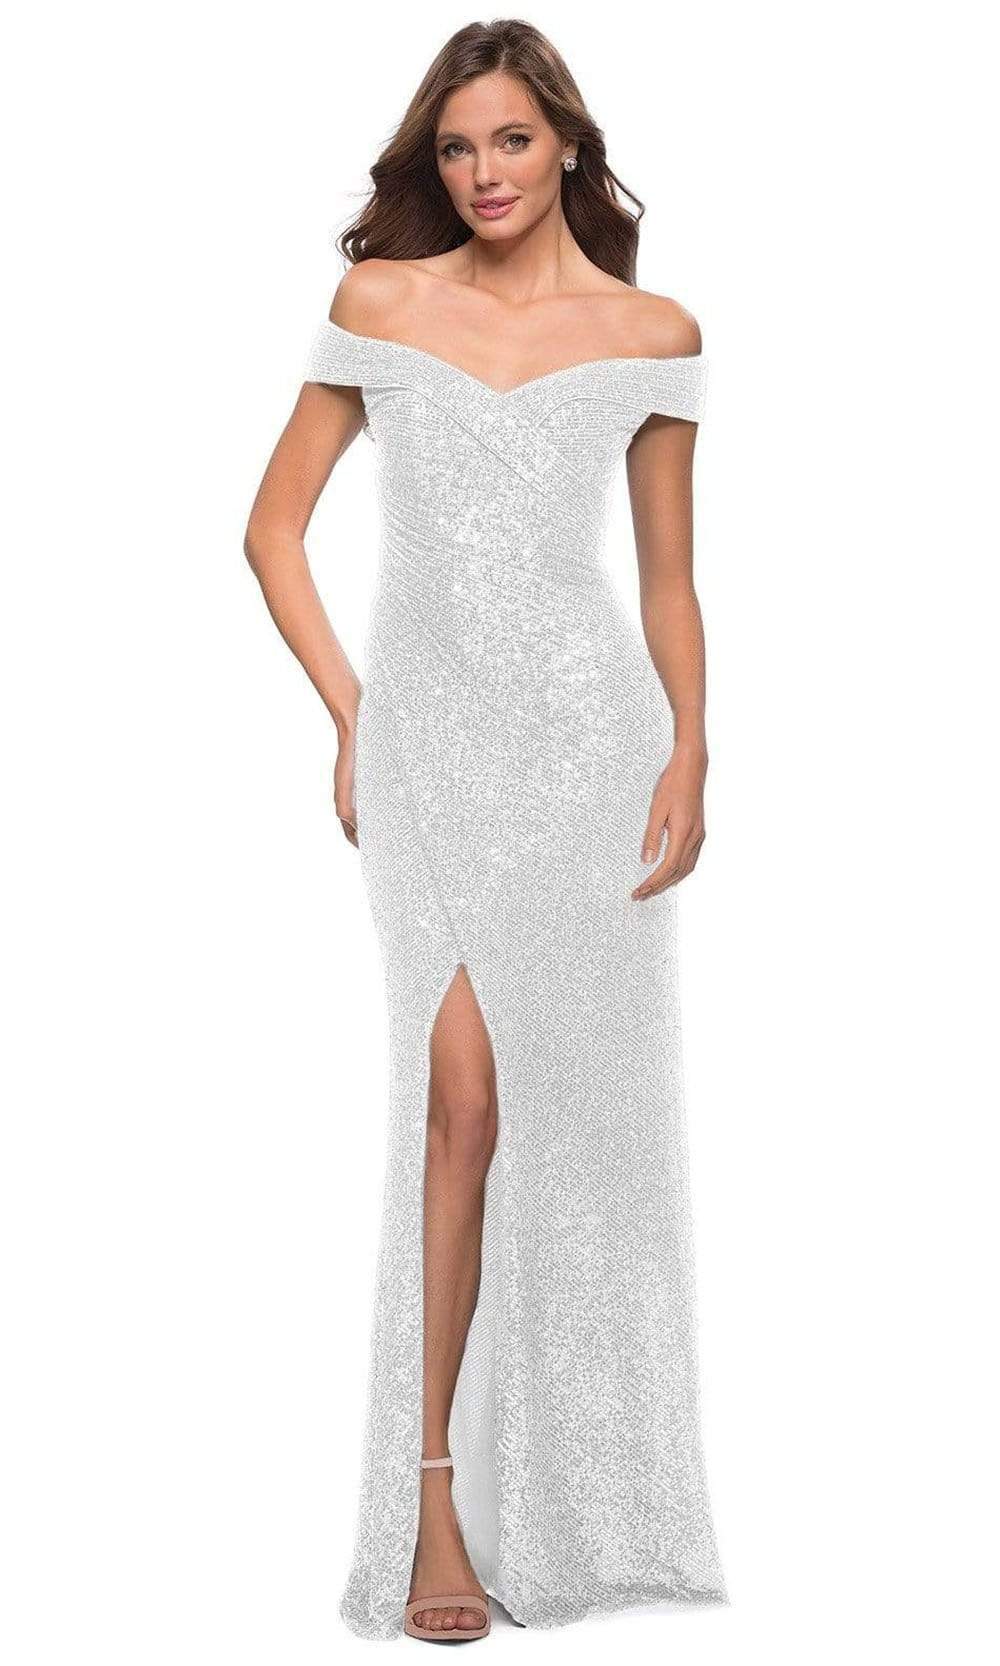 La Femme - 29831 Off Shoulder High Slit Full Sequin Gown
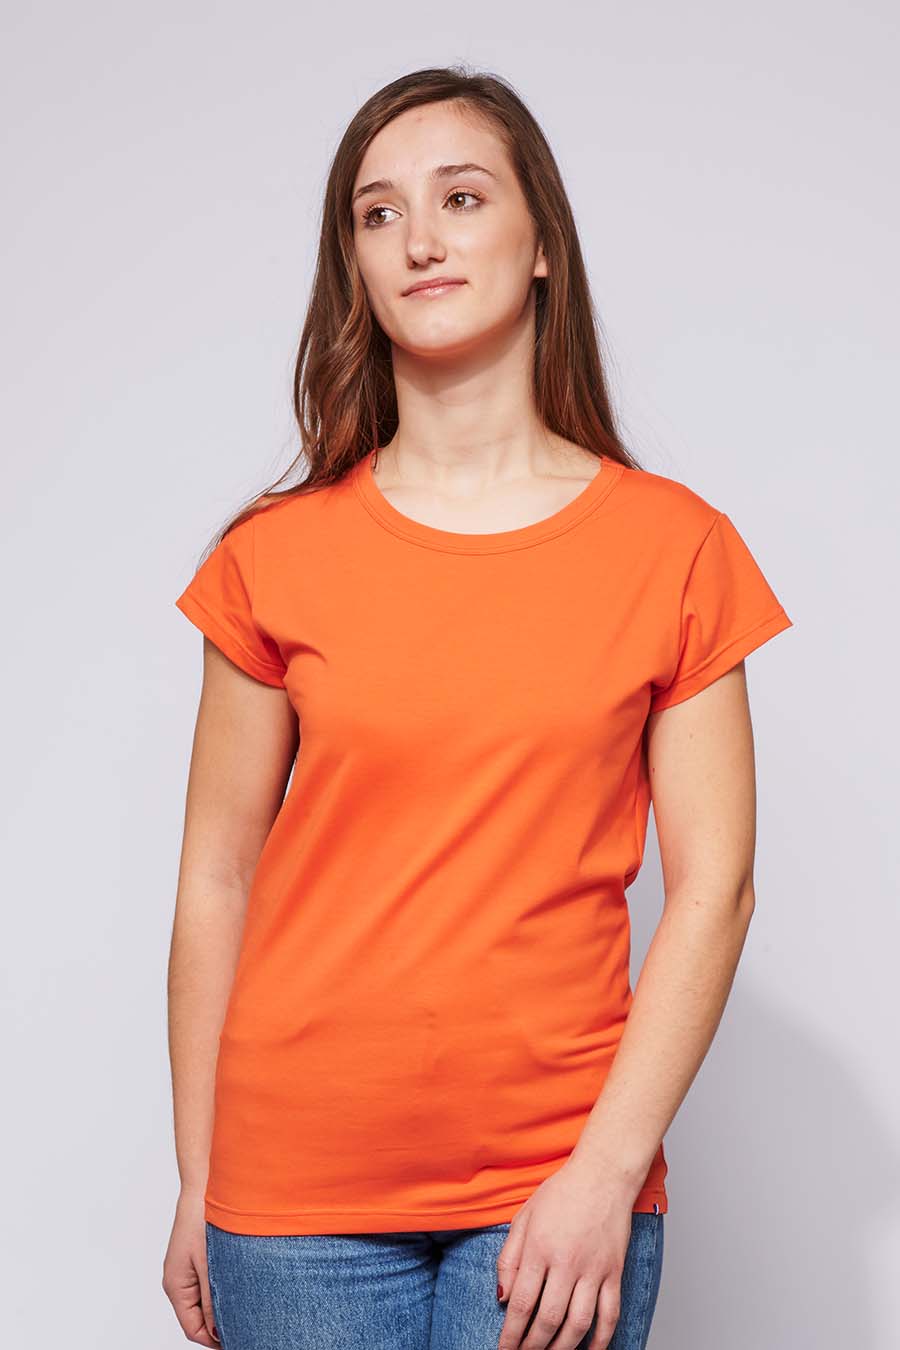 Tee Shirt Louison Orange 1.jpg
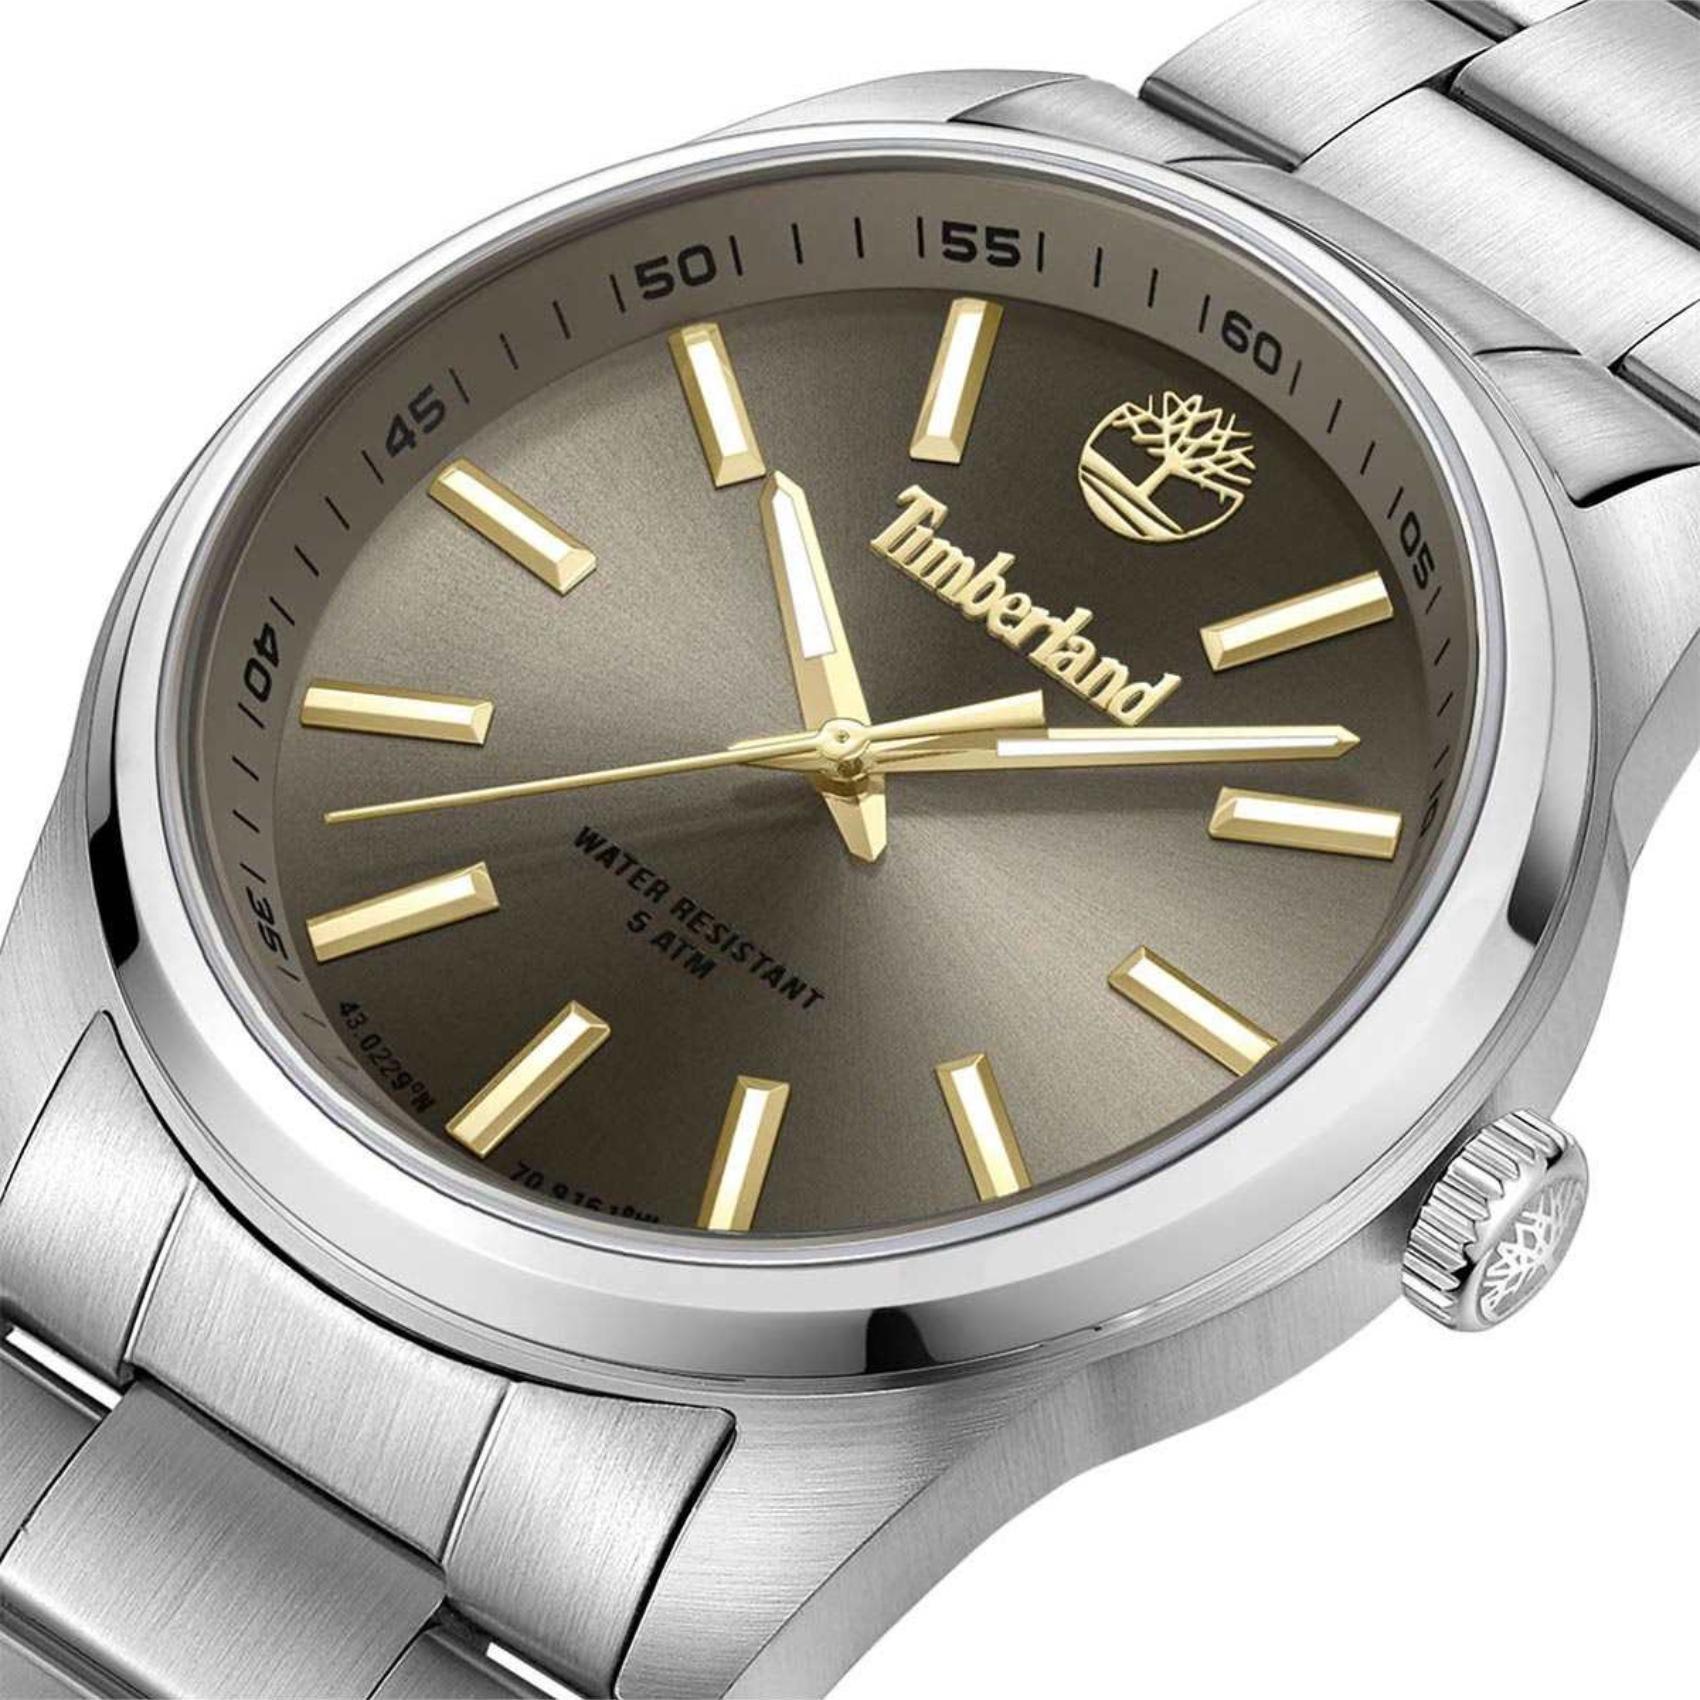 Αντρικό ρολόι Timberland Northbridge TDWGG0010807 με ασημί ατσάλινο μπρσελέ και καφέ καντράν διαμέτρου 46mm και ημέρα-ημερομηνία.
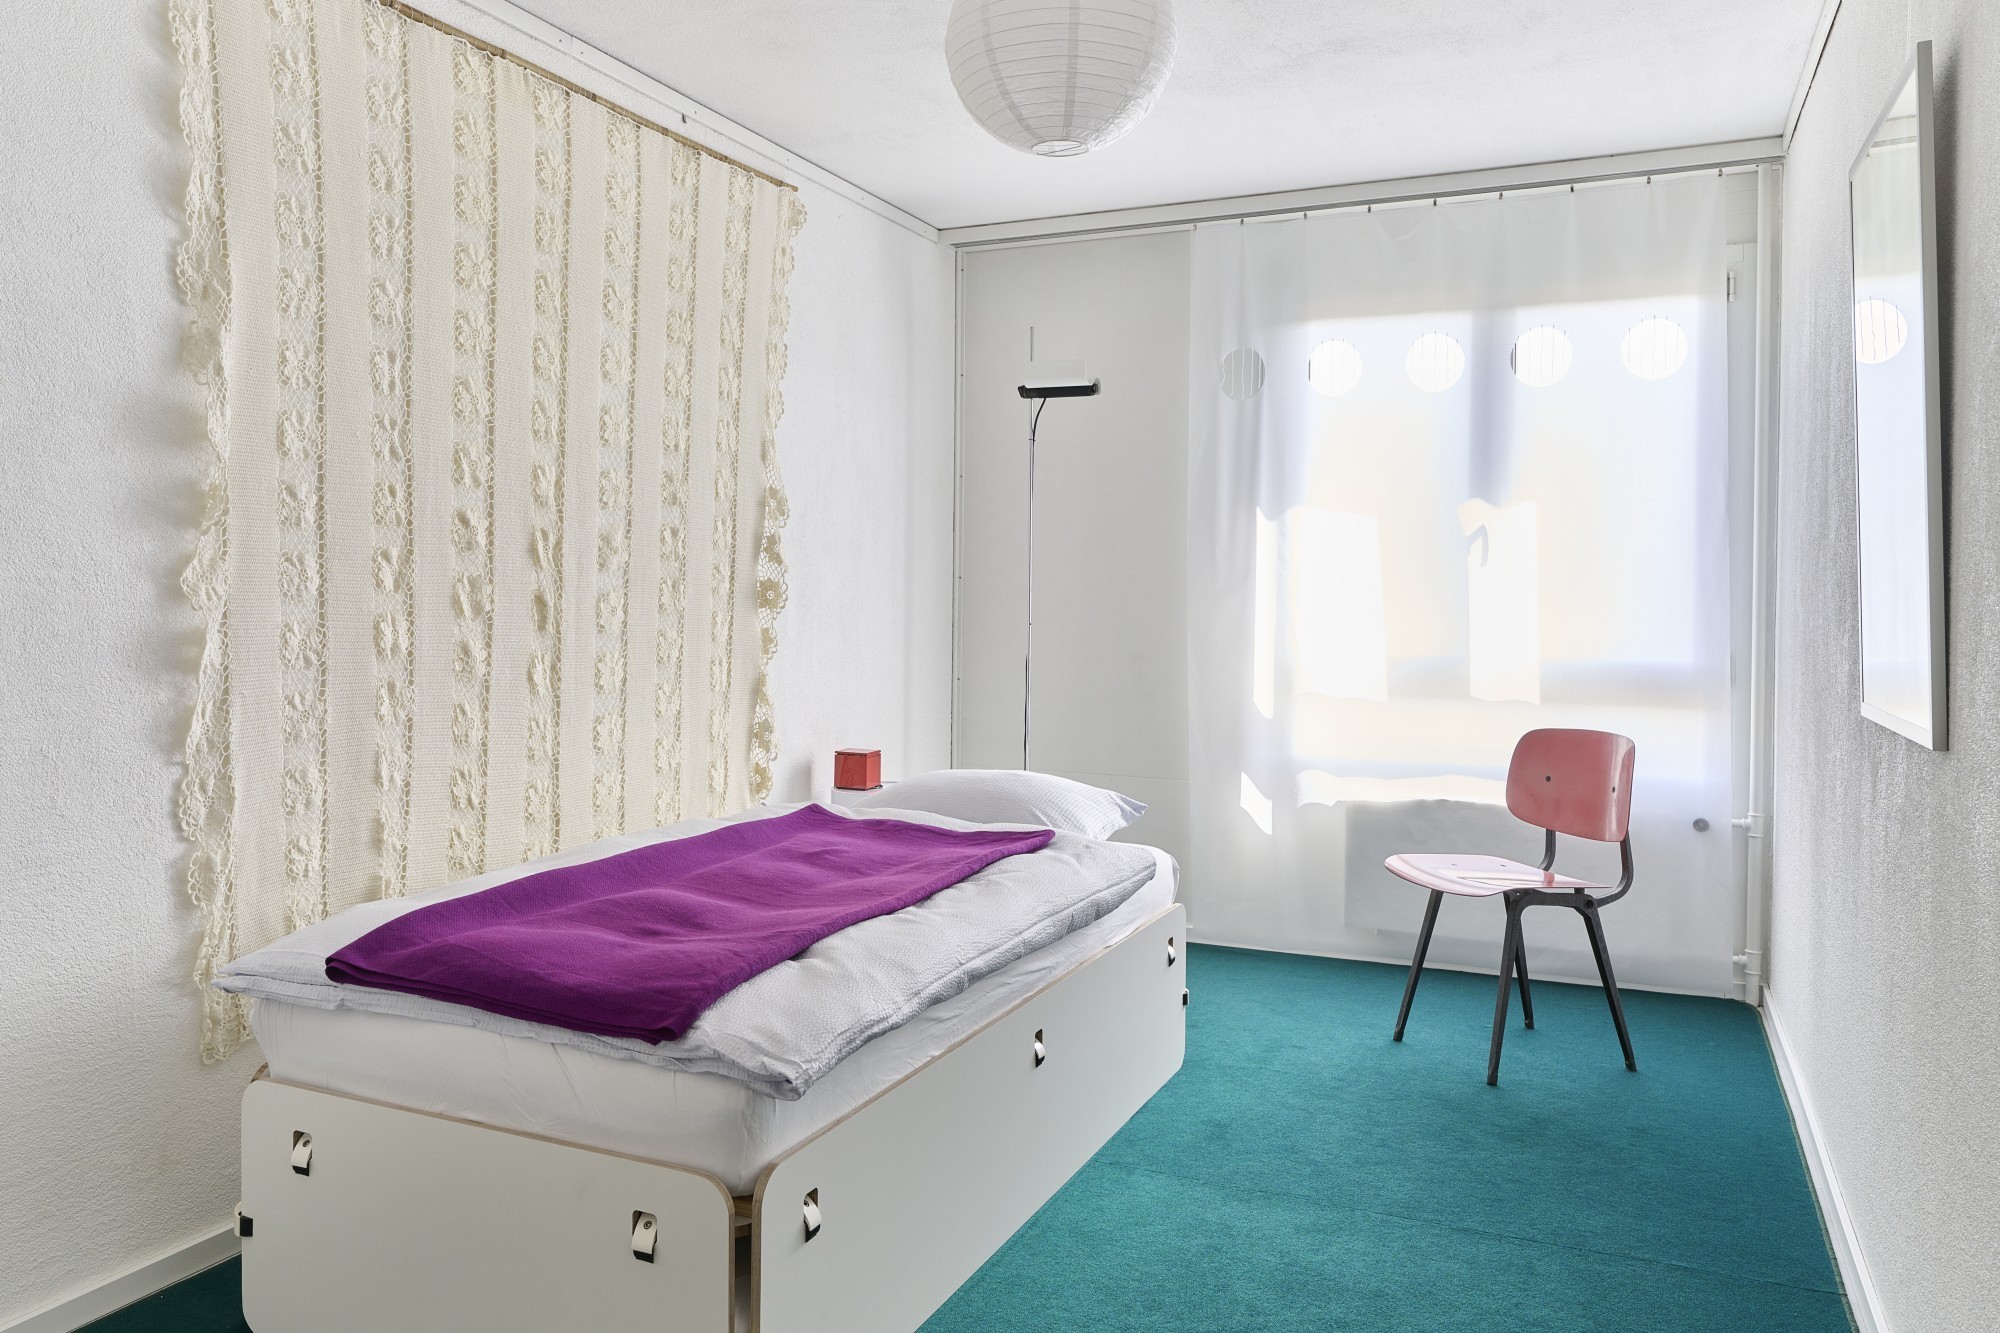 Les lits sont composés du système d'assemblage «Klem» et ce dernier a été utilisé à l'Académie des Arts de Berlin pour des expositions.

__________

◆ Your instructions: Could you write out the whole listing exactly, skipping every picture?

◆ Task result:
 La Femme - 29831 Off Shoulder High Slit Full Sequin Gown
 Tee Shirt Louison Orange 1.jpg
 Αντρικό ρολόι Timberland Northbridge TDWGG0010807 με ασημί ατσάλινο μπρσελέ και καφέ καντράν διαμέτρου 46mm και ημέρα-ημερομηνία.
 Les lits sont composés du système d'assemblage «Klem» et ce dernier a été utilisé à l'Académie des Arts de Berlin pour des expositions.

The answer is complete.